Mating by this species has never been observed, but females have been found with mating scars on their caudal fins. Therefore, it is inferred that, as is the case with most sharks, males bite females until they submit. Fertilization occurs internally.

Mating System: polygynandrous (promiscuous)

Mating has never been observed in this species and little information is available concerning reproduction in Greenland sharks or related species.

Average number of offspring: 10.

Key Reproductive Features: iteroparous ; gonochoric/gonochoristic/dioecious (sexes separate); sexual ; fertilization (Internal ); ovoviviparous

There is no specific information on parental investment in Greenland sharks. However, most sharks are independent immediately after birth. Females provide developing embryos with rich food sources to support their development.

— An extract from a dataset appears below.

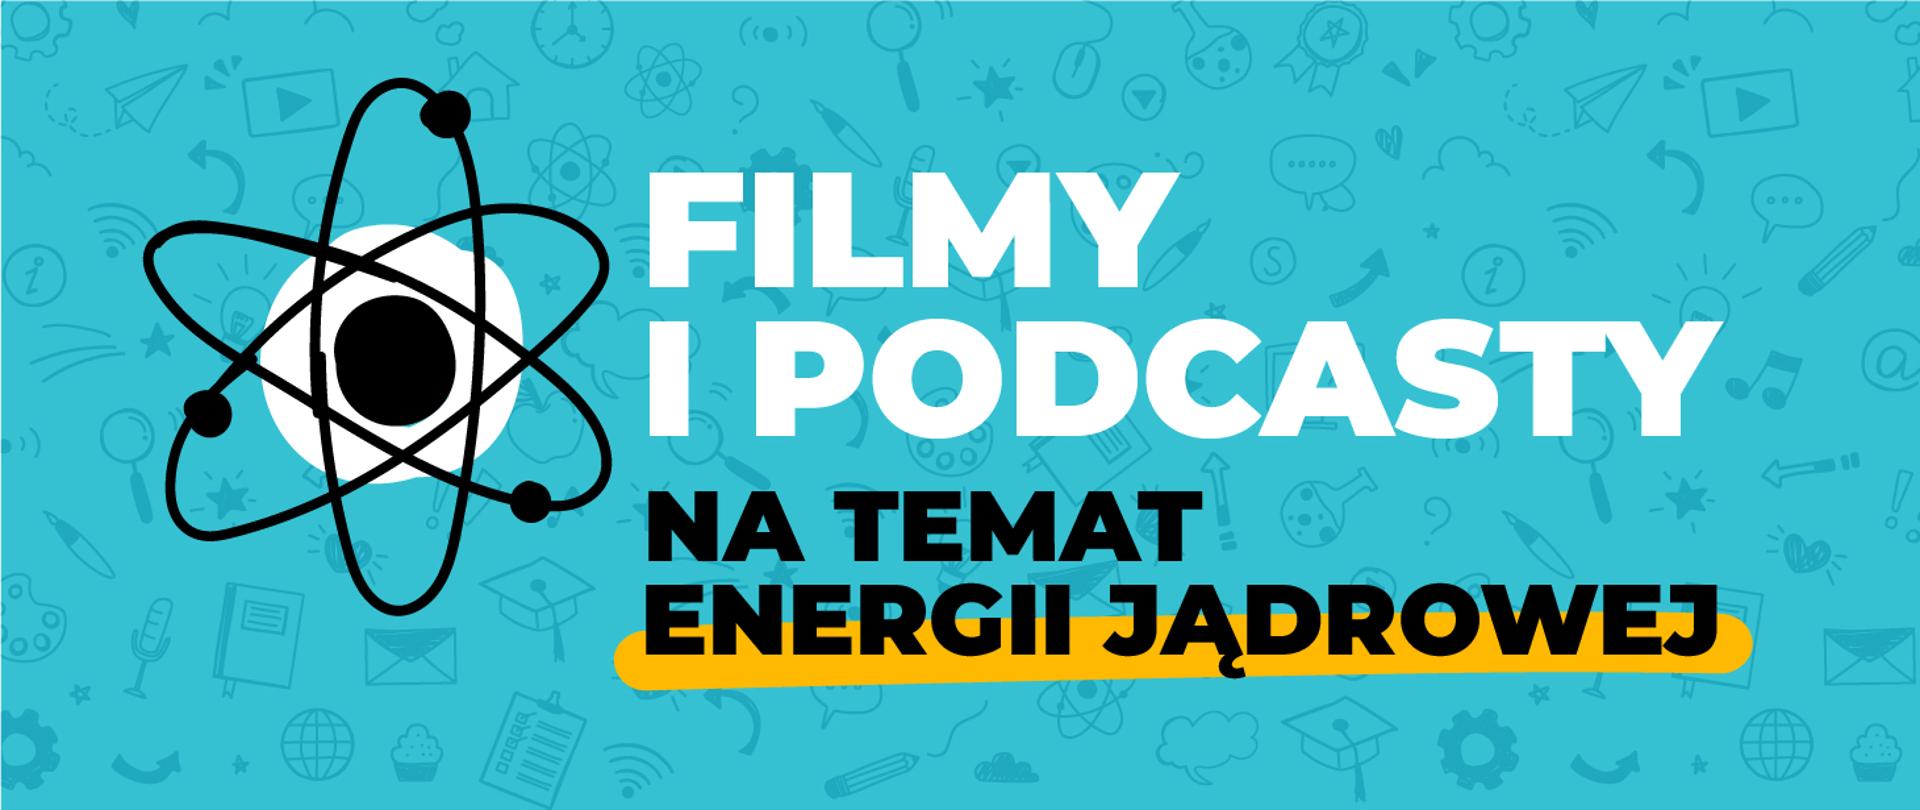 Filmy i podcasty na temat energii jądrowej

Parental Investment: pre-fertilization (Provisioning, Protecting: Female); pre-hatching/birth (Provisioning: Female)

  • Compagno, L. 1984. FAO Species Catalogue Volume 4:Sharks of the World. Rome: United Nations Development Programme.
  • Compagno, L., S. Fowler. 2005. Sharks of the World. Princeton, New Jersey: Princeton University Press.
  • 2005. "Greenland Shark and Elasmobranch Research and Education Group" (On-line). Accessed October 18, 2005 at http://www.geerg.ca.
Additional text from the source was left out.